SAN FRANCISCO — For anyone who ever wanted to major in makeup, Sephora fulfilled a few of those dreams when it turned its North American training facility here into a cosmetics university for consumers.

The event last month marked the first time that the Paris-based company offered comprehensive training for nonemployees.

The two-hour class attracted 125 invited Sephora customers from the Bay Area who paid $25 (redeemed for a Sephora coupon) to attend a two-hour beauty class led by Bare Escentuals founder Leslie Blodgett. It was almost a full house in the long, bright white classroom of square tables for six, outfitted with mirrors, tissues, makeup brushes and jars of Bare Escentuals signature mineral-based powder foundation, blush and eye shadow.

“We would like to roll this out to the rest of the country,” said Karen Kenney, vice president of education and development in North America. The training center, called Sephora University, opened in October as the prototype for the company’s expanded education programs for its staff.

The decision to periodically hold customer makeup and skin care classes at SU, beyond what’s offered at Sephora’s 515 stores in 14 countries, was a logical step, Kenney said. “Our clients have been asking us for more and more dedicated training,” she said.

In turn, more in-depth SU sessions also provide a marketing window into Sephora customers — executives compared the training to a big focus group, where free makeup gift baskets were raffled off.

Located in a downtown San Francisco office building on Market Street, next door to Sephora’s North American headquarters, SU seemed to naturally make the transition to an after-work consumer beauty clinic. The all-woman audience represented a wide age range, although most were in their 20s and 30s.

After a welcome reception, guests carried their wine into the classroom where Blodgett gave a Bare Escentuals coaching session as two makeovers were under way from a raised platform. The products demonstrated were from a new line of Bare Escentuals makeup kits for Sephora, like a $34 Rocker Eye and $28 Buxom Babes Lip Polish.

“There are no hard-and-fast rules in applying makeup,” Blodgett told her attentive audience, while making one exception: Women shouldn’t go without blush, she instructed. Among questions she fielded was one from a woman allergic to corn starch.

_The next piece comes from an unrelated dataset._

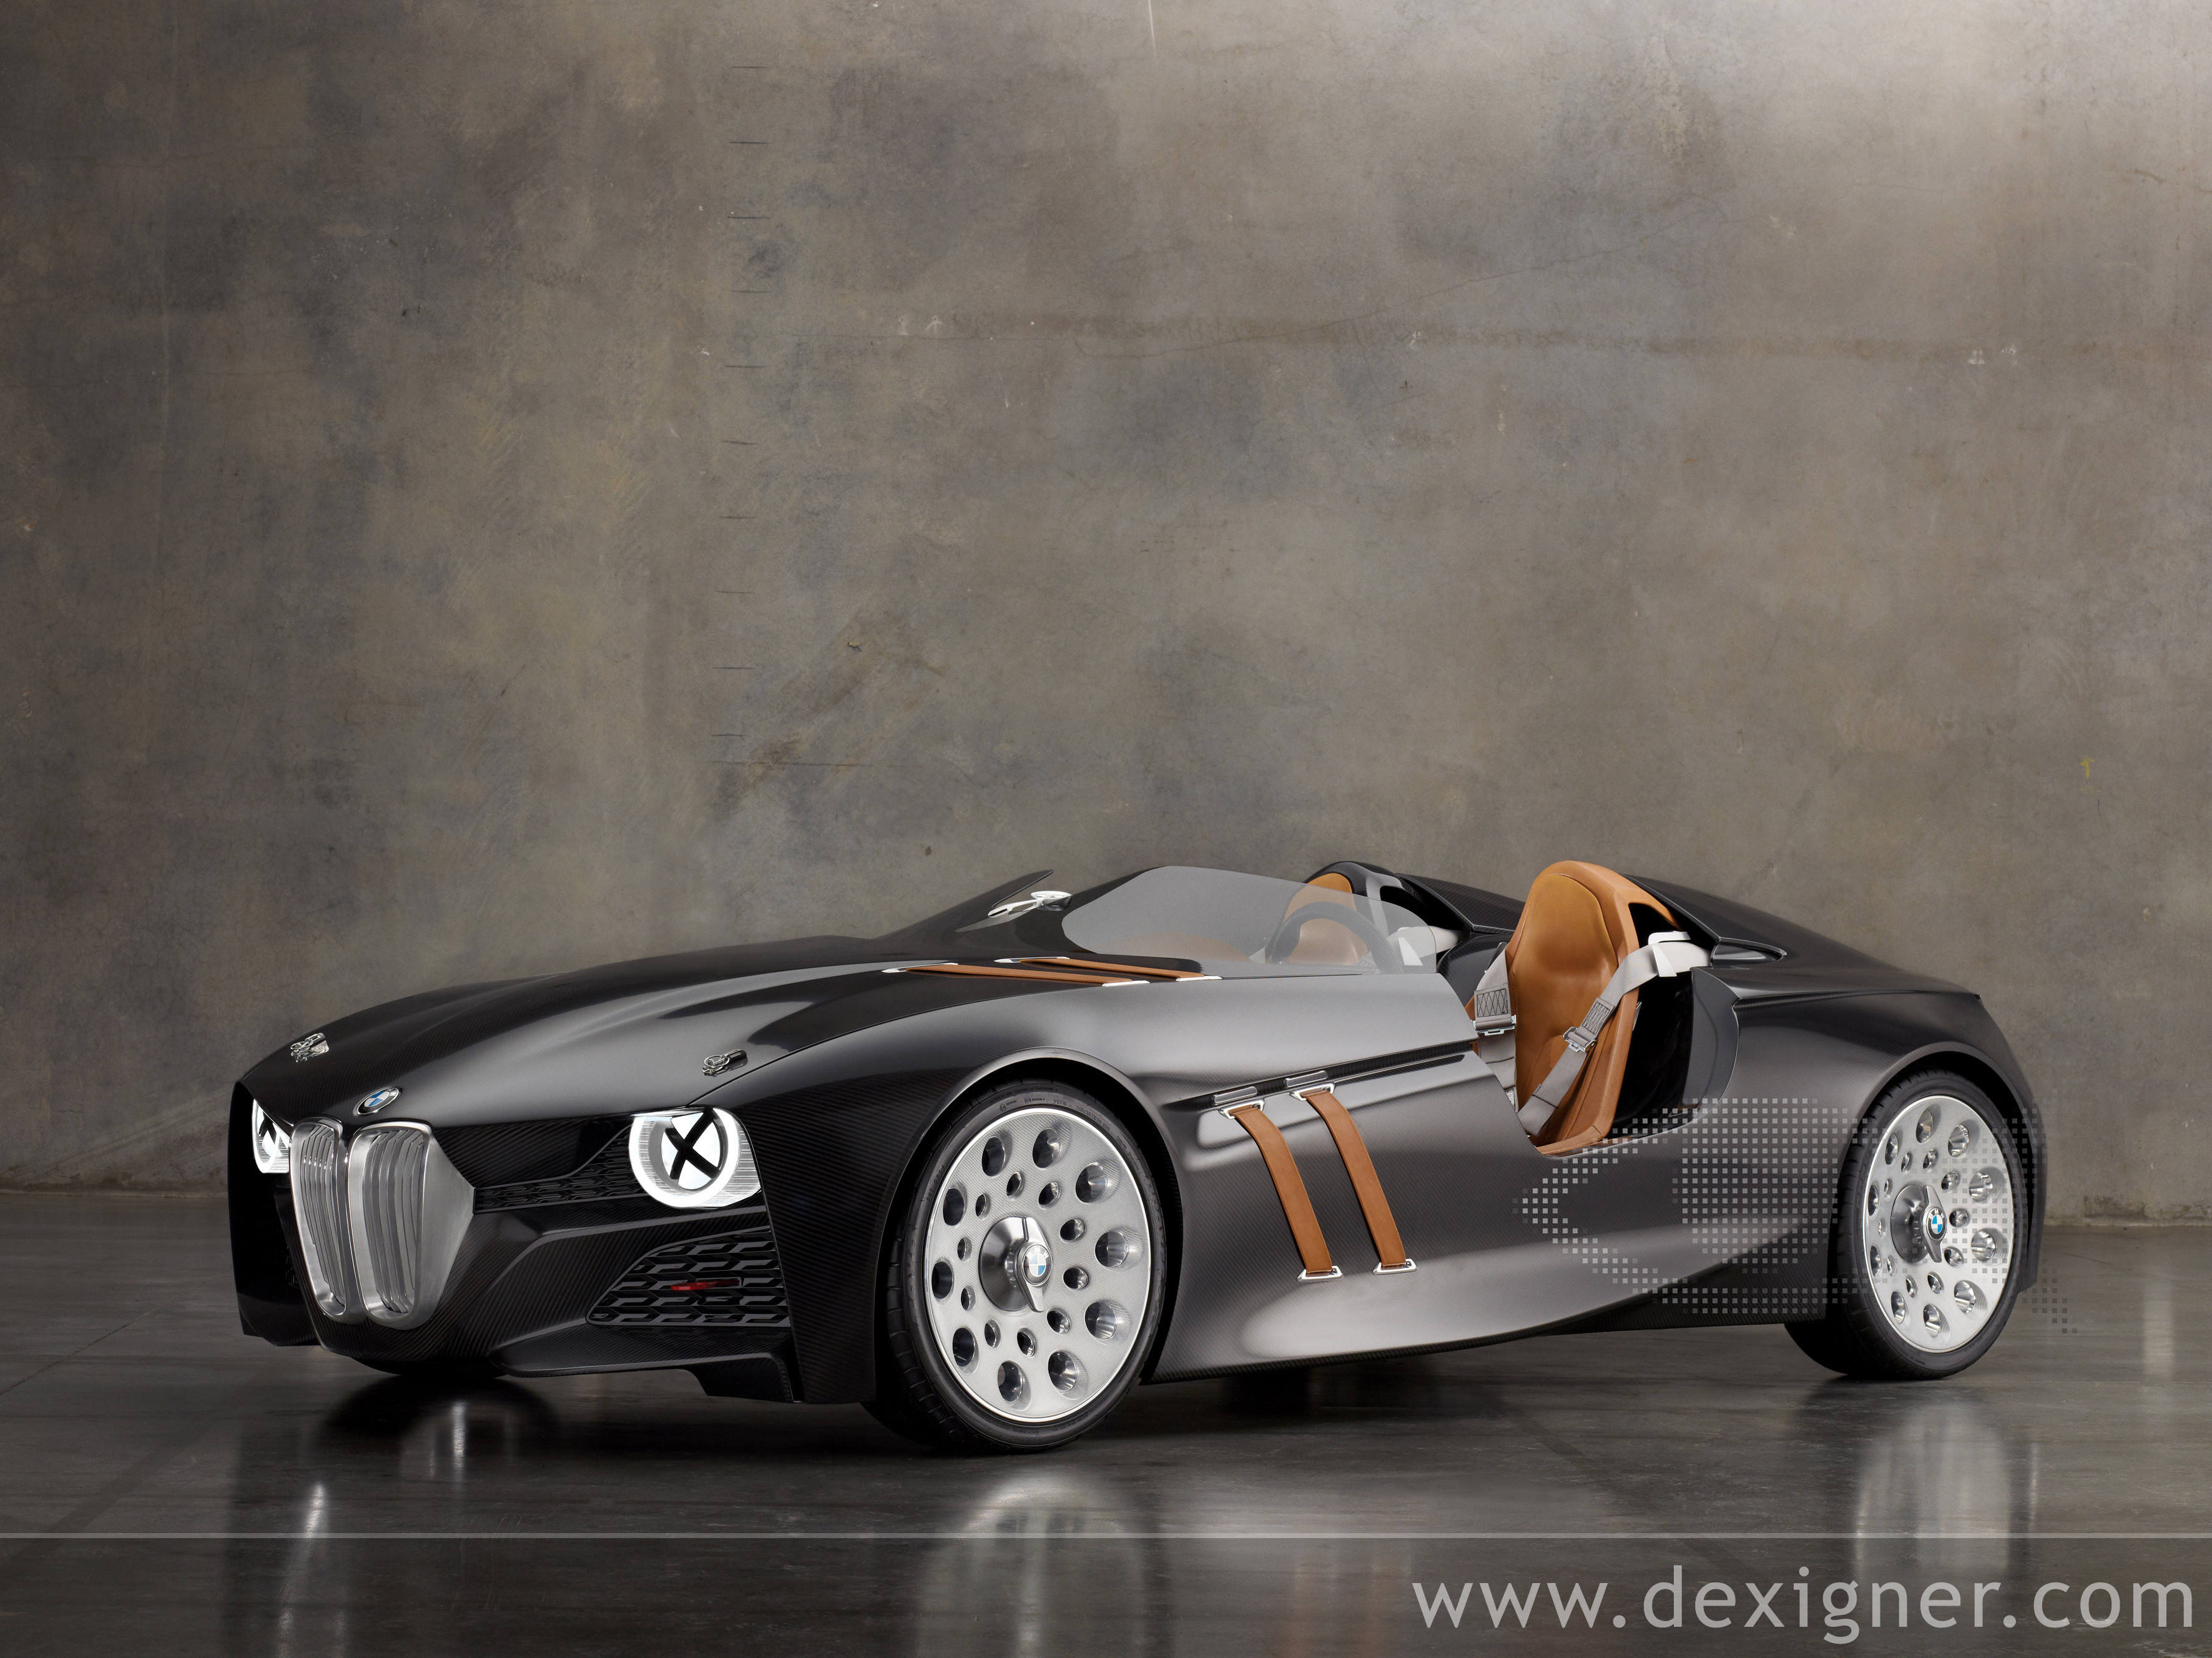 "With the BMW 328 Hommage, we wish to pay homage to the passion and

Blodgett replied she’d have a corn starch-free foundation created.

This story first appeared in the May 27, 2008 issue of WWD.  Subscribe Today.

Next, Sephora makeup and skin care specialists fanned out across the room to each table for more Bare Escentuals tips, as Blodgett greeted her fans and signed autographs. The evening wrapped up with double chocolate brownies in an adjoining classroom where laptops were setup for customers to place orders.

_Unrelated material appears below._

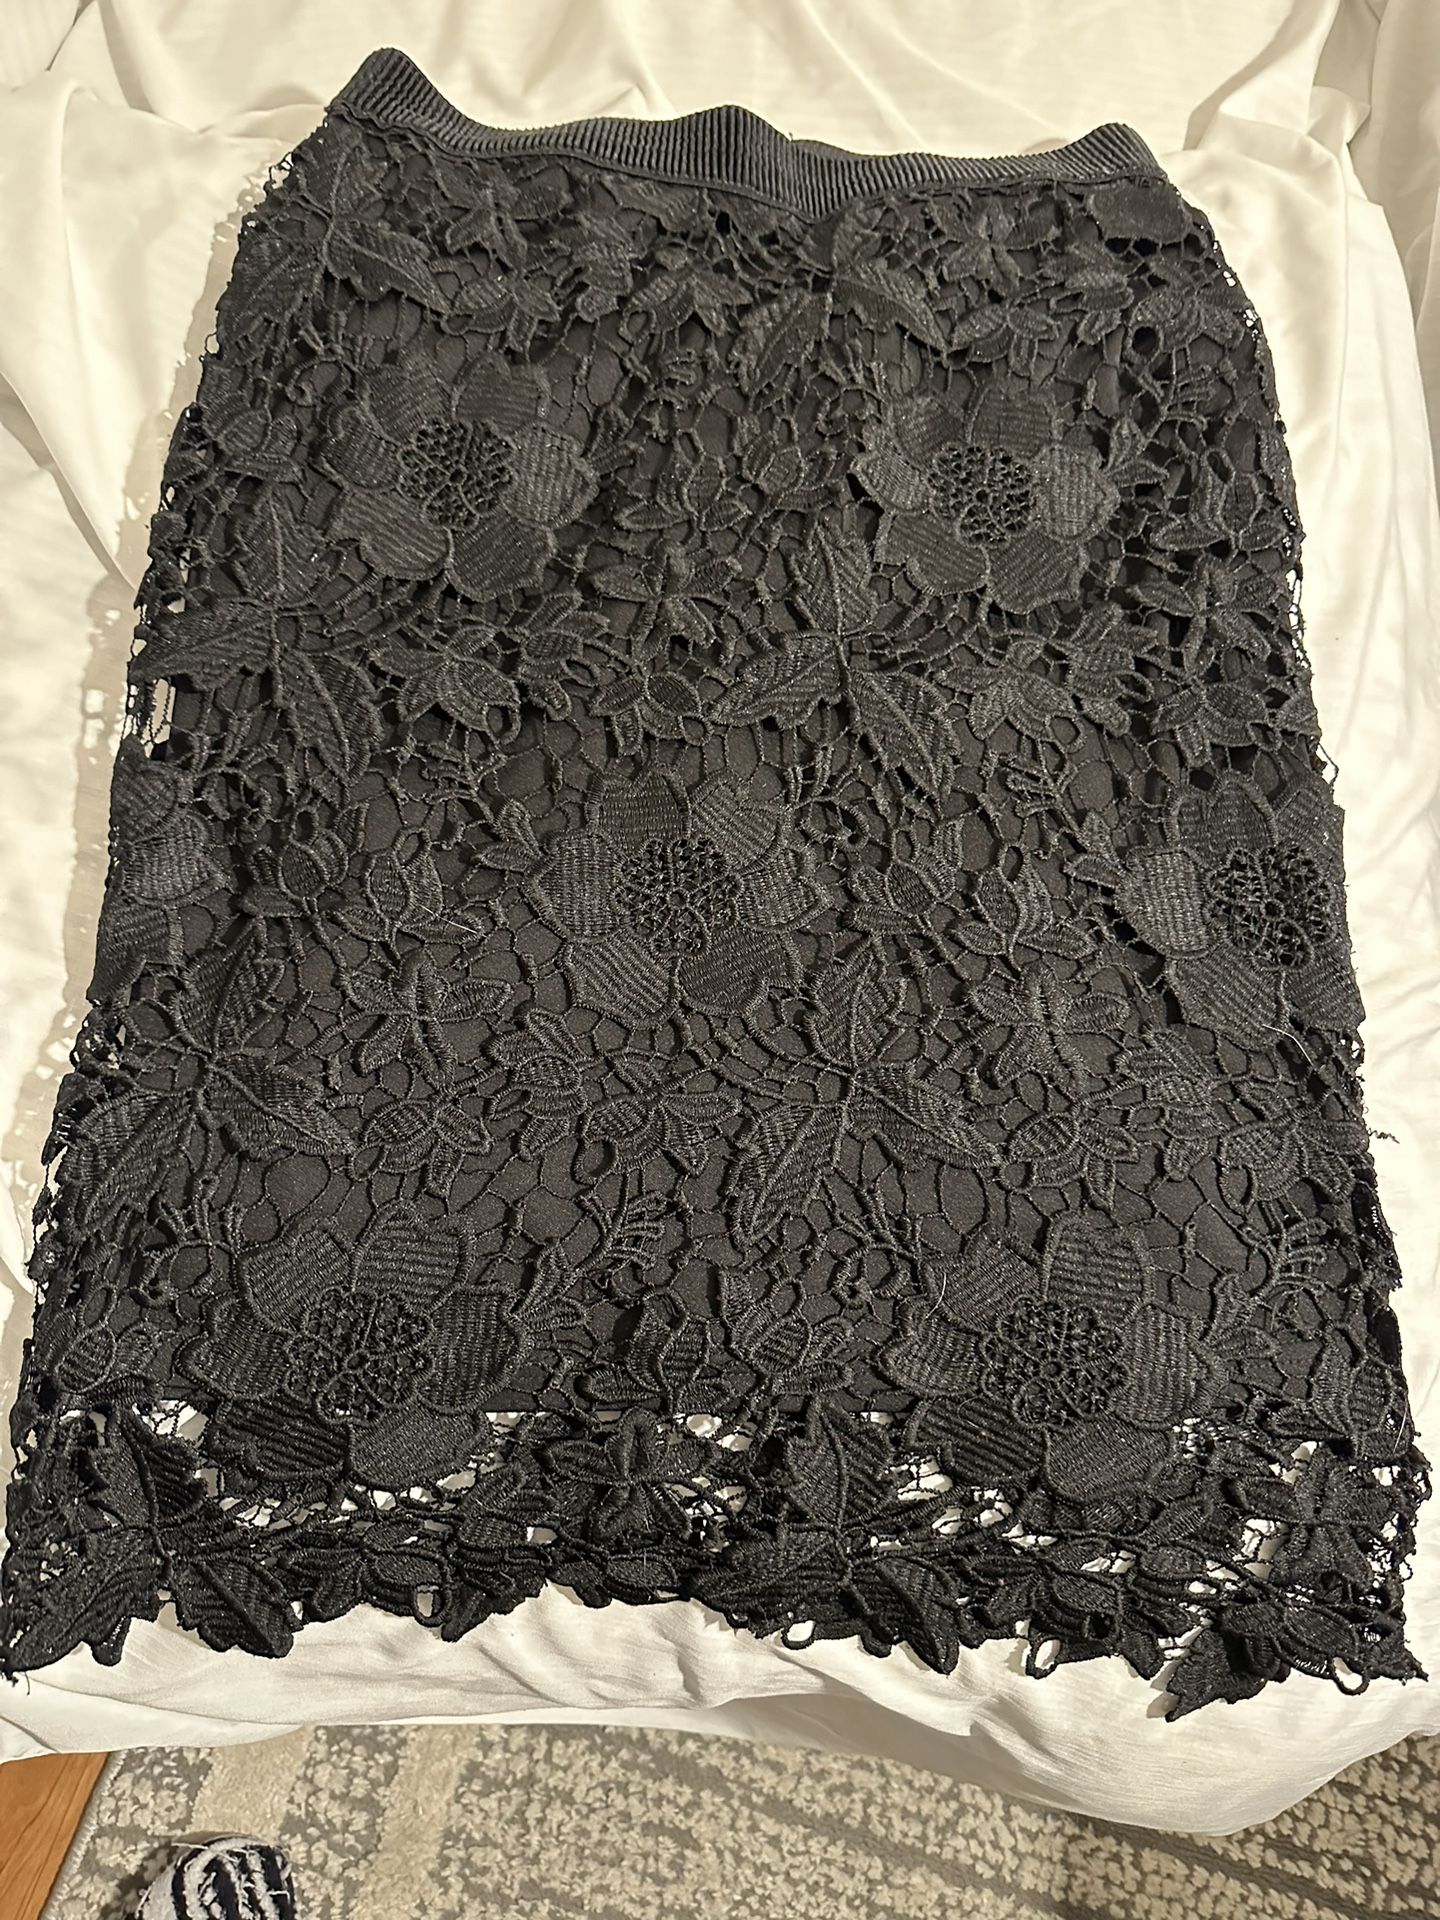 Women’s Black Lace Skirt - Partially Lined -Size Medium

Kenney said Sephora Universities have also opened in Paris and China, which has two, and more will open in the U.S., with Los Angeles being the next location. The frequency and types of SU consumer classes to be offered at SUs are being weighed.

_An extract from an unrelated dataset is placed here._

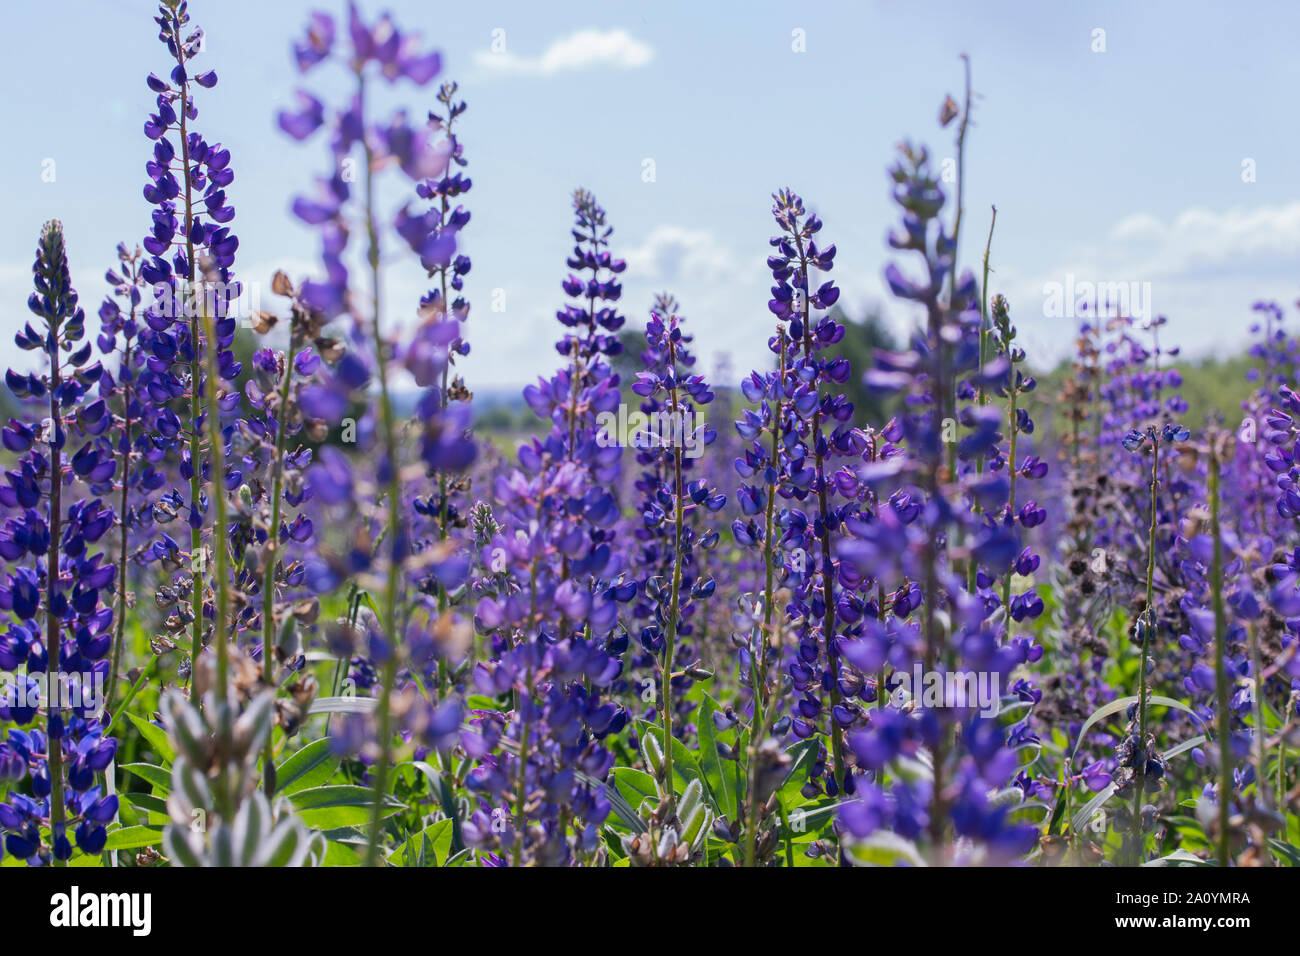 Blooming meadow of blue lupins, selective focus horizontal floral landscape background. Blossom lupine flower, summer field with blue flowers against Stock Photo

As for business, Kenney said Sephora’s North American sales are posting double-digit increases, a strength in tough economic times she pins to Sephora’s midmarket prices and women’s beauty needs. This year, Sephora plans to add 40 stores in the U.S. and Canada, Kenney said, to its current roster of 190.

With customers continually looking for beauty advice, Kenney said the top question — what’s the best long-term skin treatment? — doesn’t seem to change, nor the answer: sunscreen.

— Joanna Ramey

Clarins Sponsors Solar-Plane Project

PARIS — Clarins has become an official supporter of Solar Impulse, a project focused on building solar-powered airplanes.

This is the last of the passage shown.